DuckDuckGo Vs Google: Did Google Try To Hide The Reality Of How Much Of Our Data Is Collected?
DuckDuckGo Vs Google: Did Google Try To Hide The Reality Of How Much Of Our Data Is Collected?
Google didn’t release updates for popular apps for Apple iPhone, including Gmail and Chrome, for weeks after the Apple App Store privacy labels became mandatory.

After weeks of the saga unfolding as Google did not roll out any updates for its popular iPhone apps and therefore did not publish the new App Privacy labels on the App Store, Google finally began to toll out updates for Gmail, Google Search and Chrome for iPhone users over the past few weeks. And along with those, the app privacy labels that reveal data that these services collect from users. Privacy focused rival search engine DuckDuckGo has fired the first shots at Google, saying Google Search and Chrome web browser apps in particular are collecting a lot of user data, as revealed by the privacy labels, and that it is no wonder Google wanted to hide it. And they may have a point.

“After months of stalling, Google finally revealed how much personal data they collect in Chrome and the Google app. No wonder they wanted to hide it. Spying on users has nothing to do with building a great web browser or search engine. We would know (our app is both in one),” says DuckDuckGo in a series of tweets. That may very well be based on the information that has been declared by Google, as part of the privacy labels that are a mandatory add-on for the updated apps and their listings on the Apple App Store—Android users, you mustn’t sit in the corner and grin, because this isn’t an Apple iPhone unique issue and you can very well expect a similar data collection happening on your phones too. The Google Chrome web browser app, for instance, collects location data, browsing history, User ID and device ID identifiers, crash data, performance data, user content (this lists audio data and customer support), product interaction usage data, payment info and a vaguely packaged “other data types” that is listed for analytics as well as app functionality.
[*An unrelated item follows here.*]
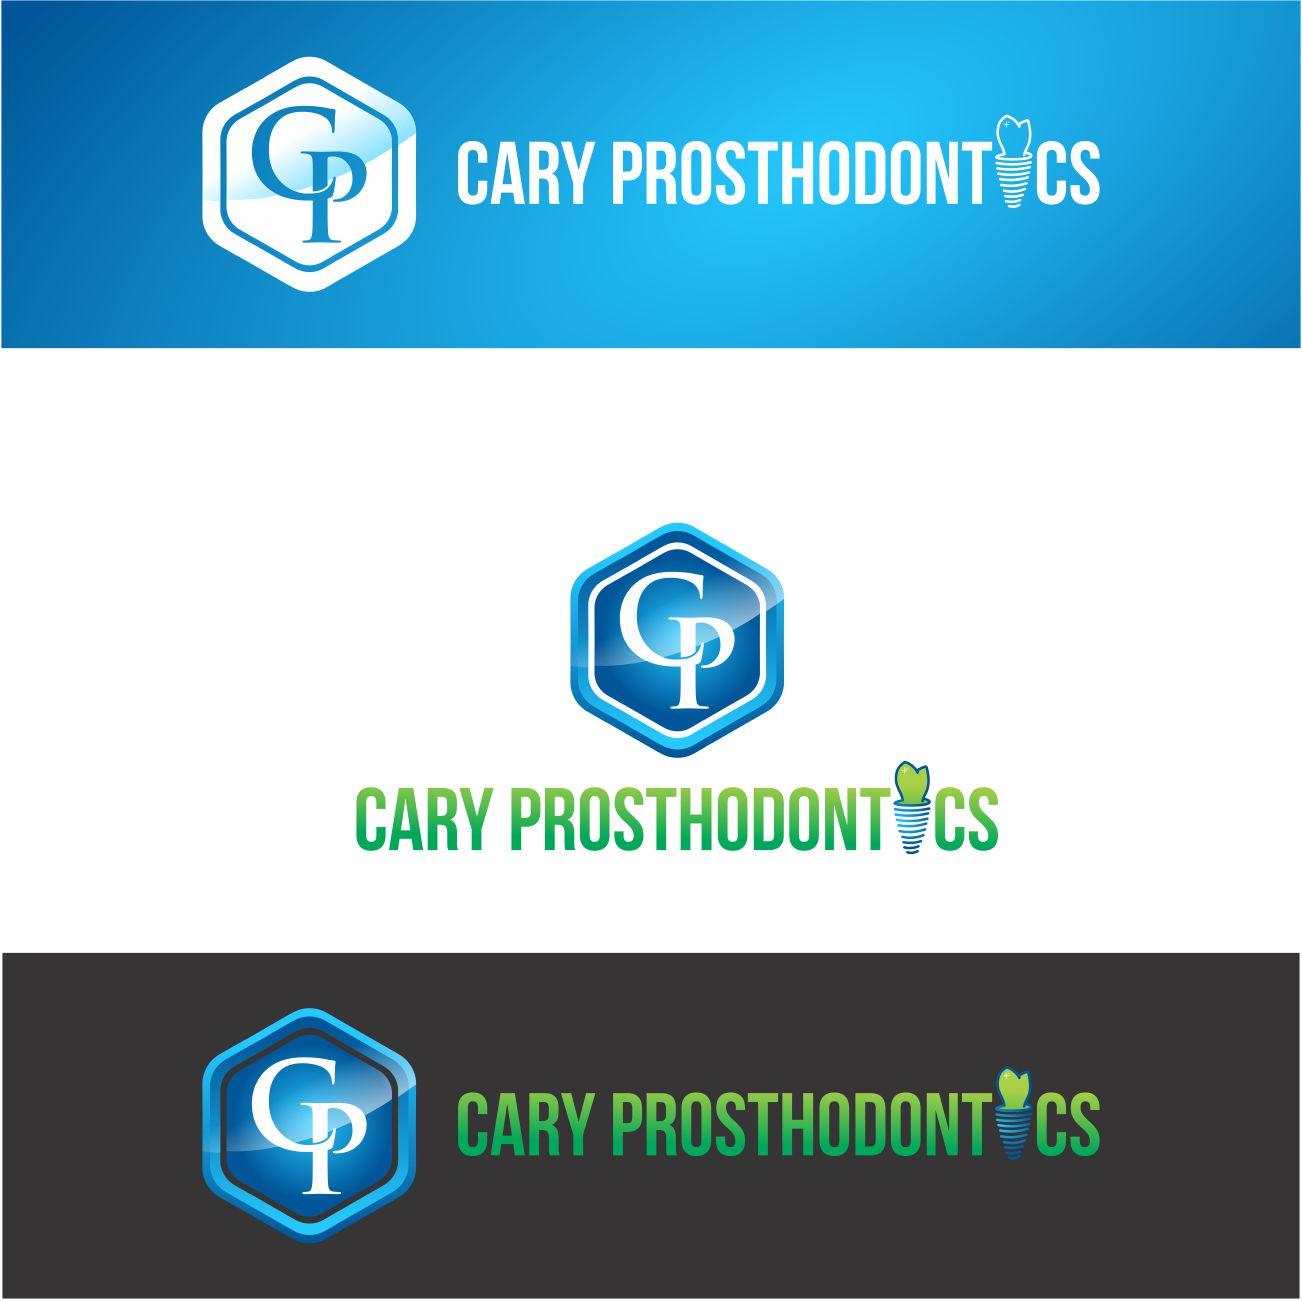 Logo Design by RasYa Muhammad Athaya - Entry No. 173 in the Logo Design Contest Cary Prosthodontics Logo Design.

At the same time, the Google Search app collects location data with precise location, search history, browsing history, usage data that lists advertising data, contacts, physical address and email address, photos and videos as well as other user content, product interaction and advertising data, as well as payment info that you’ve stored under financial info for autofill, to name a few. The privacy labels for the DuckDuckGo app for the iPhone simply says, “DuckDuckGo does not collect or share any personal information”. It took a while for Google to actually update a bunch of the popular apps for the Apple iPhone, because from December last year, Apple made it mandatory for app developers to fill and display the privacy labels for each app even when an update is rolled out, to list what user data is collected by the app. Google finally released updates for apps such as Google Search, Gmail and Google Chrome as late as the second half of February, after much criticism. DuckDuckGo is not mincing any words when it says, “no wonder they wanted to hide it.”

DuckDuckGo is a privacy focused web browser and search engine, all rolled in one, and is also available for the Apple iPhone and iPad—this can also be set as the default search engine on these devices. The search engine has always claimed the focus on privacy, that they don’t collect any user data and neither is any data shared.